How can we state that the subsets are disjoint? How do we refer to the set of
elements that exist in the union-find universe? Can we even tell that the
representative of an element (returned by find
) is indeed part of a subset
that was union
ed with it at some point? It seems that we cannot do any of
these by attaching contracts to our functions and type only.
This example shows how Gospel's ghost declarations help describe such complex behaviours.
Introducing the Ghost Universe
Seemingly, the root of our problems is that union-find relies on the implicit universe of elements. It doesn't exist in the OCaml's interface, so let's introduce it as a ghost-type declaration. We can also add that this universe is mutable. As long as elements are added, for instance, it will be modified.
(*@ type 'a universe *)
(*@ ephemeral *)
Now, our three functions still apply to set elements, but they also apply in
the context of a universe since you create a new singleton subset in the
context of the greater set, or find the representative of an element in the rest
of the universe. This translates into our three functions taking a value of type
'a universe
as its argument. Of course, 'a universe
is a ghost type and you
don't want to modify the functions' signatures anyway, so this argument is
ghost, too1. We already get a sense that make
and union
will modify the
universe.
val make : 'a -> 'a element
(*@ e = make [u: 'a universe] v
modifies u *)
val find : 'a element -> 'a element
(*@ e = find [u: 'a universe] x *)
val union : 'a element -> 'a element -> unit
(*@ union [u: 'a universe] x y
modifies u *)
Since we now have a type for universes, and functions that take values of such a type, we probably need a constructor for this type. Let's introduce that as a ghost value:
(*@ val make_universe: unit -> 'a universe *)
Having this abstract type on is not very useful so far. We're able to state that the functions apply in the context of a universe and they may mutate it, but that's pretty much it. Let's be more precise than that.
Elements: Gotta Catch 'em All
The first interesting property to capture is that the subsets
are indeed disjoint. For instance, make
shouldn't create an element that's
already in the universe, otherwise you'd have two different subsets
containing the same element.
In order to specify this, we need to talk about the set of existing
elements in the universe. Let's introduce this as a logical model attached to
our universe
type:
(*@ type 'a universe *)
(*@ mutable model dom : 'a element set *)
Since at least one model is mutable, we may now omit the ephemeral
keyword
(although it's also valid to keep it if you prefer). For instance, you may keep
it if you want to indicate that the type is also mutable in a way that is not
visible in the models.
Now let's add more information on how the functions interact with it. The constructor should ensure two things:
- The returned element is a fresh element.

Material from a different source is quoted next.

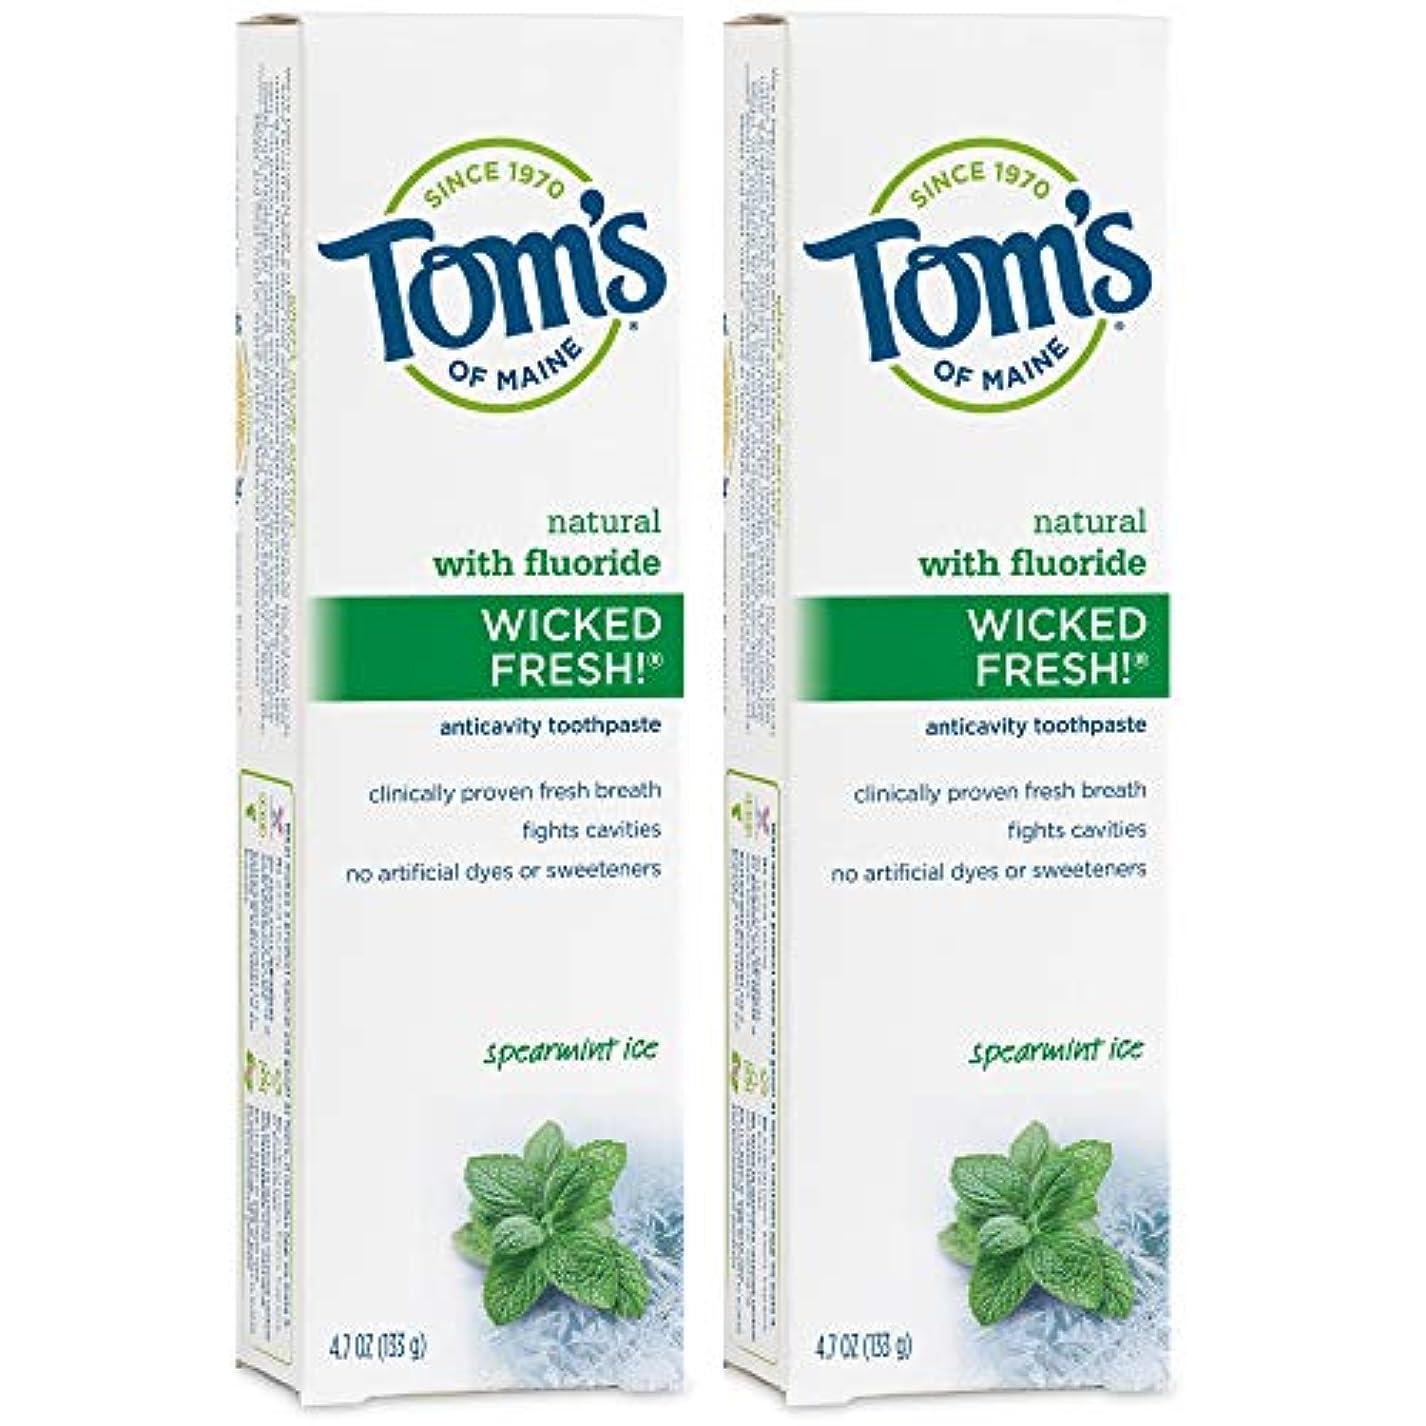 魔法かすかな合理化Tom's of Maine Wicked Fresh Long Lasting Fresh Breath Fluoride Toothpaste, Spearmint Ice, 4.7-Ounce by Tom's of...

- The universe's domain is augmented with the singleton containing the provided value.
val make : 'a -> 'a element
(*@ e = make [u: 'a universe] v
modifies u.dom
ensures not (Set.mem e (old u.dom))
ensures u.dom = Set.add e (old u.dom) *)
The find
function obviously needs an element of the universe, and it also
returns an element that's part of the universe:
val find : 'a element -> 'a element
(*@ e = find [u: 'a universe] x
requires Set.mem x u.dom
ensures Set.mem e u.dom *)
Finally, union
requires that the provided elements are part of the universe
too. Please note: it doesn't modify the universe domain (no element is added nor
removed); however, since we added the modify u
clause, we need to state that
explicitly, or the contract may imply that u.dom
was modified (in an
unspecified way).
val union : 'a element -> 'a element -> unit
(*@ union [u: 'a universe] x y
requires Set.mem x u.dom
requires Set.mem y u.dom
modifies u
ensures u.dom = old u.dom *)
Find Your Representative
We can now talk about all the elements in our partition, but we still haven't
mentioned the elements' representatives. Each element in the universe has a
representative in the set, so we can represent this using a 'a element -> 'a
element
function. We can also add two invariants:
- The representative of an element must live in the same universe as the element itself.
- The
rep
function is idempotent: the representative of an element is its own representative.
(*@ type 'a universe *)
(*@ mutable model dom : 'a element set
mutable model rep : 'a element -> 'a element
with u
invariant forall e. Set.mem e u.dom -> Set.mem (u.rep e) u.dom
invariant forall e. Set.mem e u.dom -> u.rep (u.rep e) = u.rep e *)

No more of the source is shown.